> What is required
Working from the records below, repeat exactly the lines starting at the line that contains "Sowel® Sauna Bae" and ending at the line that contains "Loewe's Candy Elephant Bag", inclusive.

^^^^^^^^^^^^^^^^

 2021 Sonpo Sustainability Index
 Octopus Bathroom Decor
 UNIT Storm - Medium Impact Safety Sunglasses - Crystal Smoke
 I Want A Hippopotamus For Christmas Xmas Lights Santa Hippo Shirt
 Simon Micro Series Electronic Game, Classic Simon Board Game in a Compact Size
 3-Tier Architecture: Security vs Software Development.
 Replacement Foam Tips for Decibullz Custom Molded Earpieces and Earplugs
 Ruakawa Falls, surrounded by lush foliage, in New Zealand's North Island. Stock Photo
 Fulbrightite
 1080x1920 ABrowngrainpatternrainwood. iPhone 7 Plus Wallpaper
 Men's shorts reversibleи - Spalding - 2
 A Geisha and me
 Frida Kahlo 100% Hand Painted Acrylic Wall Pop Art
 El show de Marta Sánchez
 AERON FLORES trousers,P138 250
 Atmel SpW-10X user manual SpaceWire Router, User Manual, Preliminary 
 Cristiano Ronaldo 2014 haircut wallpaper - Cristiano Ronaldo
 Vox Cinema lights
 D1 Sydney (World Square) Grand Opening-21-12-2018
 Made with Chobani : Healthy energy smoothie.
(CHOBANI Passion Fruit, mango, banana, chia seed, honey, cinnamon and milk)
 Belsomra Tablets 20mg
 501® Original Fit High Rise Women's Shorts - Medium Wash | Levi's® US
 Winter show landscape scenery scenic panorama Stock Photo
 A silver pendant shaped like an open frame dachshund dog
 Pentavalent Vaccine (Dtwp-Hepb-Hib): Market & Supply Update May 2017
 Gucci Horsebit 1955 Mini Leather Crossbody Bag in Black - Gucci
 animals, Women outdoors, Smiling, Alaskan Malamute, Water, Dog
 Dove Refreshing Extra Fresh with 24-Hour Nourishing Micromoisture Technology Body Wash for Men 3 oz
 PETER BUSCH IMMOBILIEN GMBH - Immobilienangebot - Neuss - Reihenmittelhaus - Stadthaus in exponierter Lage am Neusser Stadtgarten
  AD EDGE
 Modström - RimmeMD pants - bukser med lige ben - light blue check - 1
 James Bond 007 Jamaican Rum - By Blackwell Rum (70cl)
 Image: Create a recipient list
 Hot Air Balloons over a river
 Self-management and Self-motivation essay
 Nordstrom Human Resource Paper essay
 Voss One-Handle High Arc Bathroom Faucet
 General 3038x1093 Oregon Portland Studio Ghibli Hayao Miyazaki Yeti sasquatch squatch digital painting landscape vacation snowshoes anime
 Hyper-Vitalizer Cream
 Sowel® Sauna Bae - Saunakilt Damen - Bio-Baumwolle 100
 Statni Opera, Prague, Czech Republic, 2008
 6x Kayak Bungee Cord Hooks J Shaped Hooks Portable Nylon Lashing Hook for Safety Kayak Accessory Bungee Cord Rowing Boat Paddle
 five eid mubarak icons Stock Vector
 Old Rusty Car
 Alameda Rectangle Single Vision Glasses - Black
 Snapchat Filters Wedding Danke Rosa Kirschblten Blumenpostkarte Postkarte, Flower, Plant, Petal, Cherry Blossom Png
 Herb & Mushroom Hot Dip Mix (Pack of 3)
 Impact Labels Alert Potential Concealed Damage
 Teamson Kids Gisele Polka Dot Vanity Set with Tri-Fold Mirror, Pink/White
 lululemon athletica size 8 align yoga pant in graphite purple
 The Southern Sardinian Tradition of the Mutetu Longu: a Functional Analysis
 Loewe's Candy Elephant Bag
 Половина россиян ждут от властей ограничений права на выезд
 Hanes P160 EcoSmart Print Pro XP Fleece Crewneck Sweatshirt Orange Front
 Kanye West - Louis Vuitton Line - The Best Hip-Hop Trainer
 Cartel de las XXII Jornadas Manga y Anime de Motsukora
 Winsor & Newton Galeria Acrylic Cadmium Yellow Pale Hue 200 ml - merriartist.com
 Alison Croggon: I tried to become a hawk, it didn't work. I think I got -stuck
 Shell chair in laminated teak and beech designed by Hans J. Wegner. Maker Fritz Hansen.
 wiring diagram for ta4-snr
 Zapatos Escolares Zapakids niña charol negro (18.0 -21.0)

^^^^^^^^^^^^^^^^

> Result of the exercise
 Sowel® Sauna Bae - Saunakilt Damen - Bio-Baumwolle 100
 Statni Opera, Prague, Czech Republic, 2008
 6x Kayak Bungee Cord Hooks J Shaped Hooks Portable Nylon Lashing Hook for Safety Kayak Accessory Bungee Cord Rowing Boat Paddle
 five eid mubarak icons Stock Vector
 Old Rusty Car
 Alameda Rectangle Single Vision Glasses - Black
 Snapchat Filters Wedding Danke Rosa Kirschblten Blumenpostkarte Postkarte, Flower, Plant, Petal, Cherry Blossom Png
 Herb & Mushroom Hot Dip Mix (Pack of 3)
 Impact Labels Alert Potential Concealed Damage
 Teamson Kids Gisele Polka Dot Vanity Set with Tri-Fold Mirror, Pink/White
 lululemon athletica size 8 align yoga pant in graphite purple
 The Southern Sardinian Tradition of the Mutetu Longu: a Functional Analysis
 Loewe's Candy Elephant Bag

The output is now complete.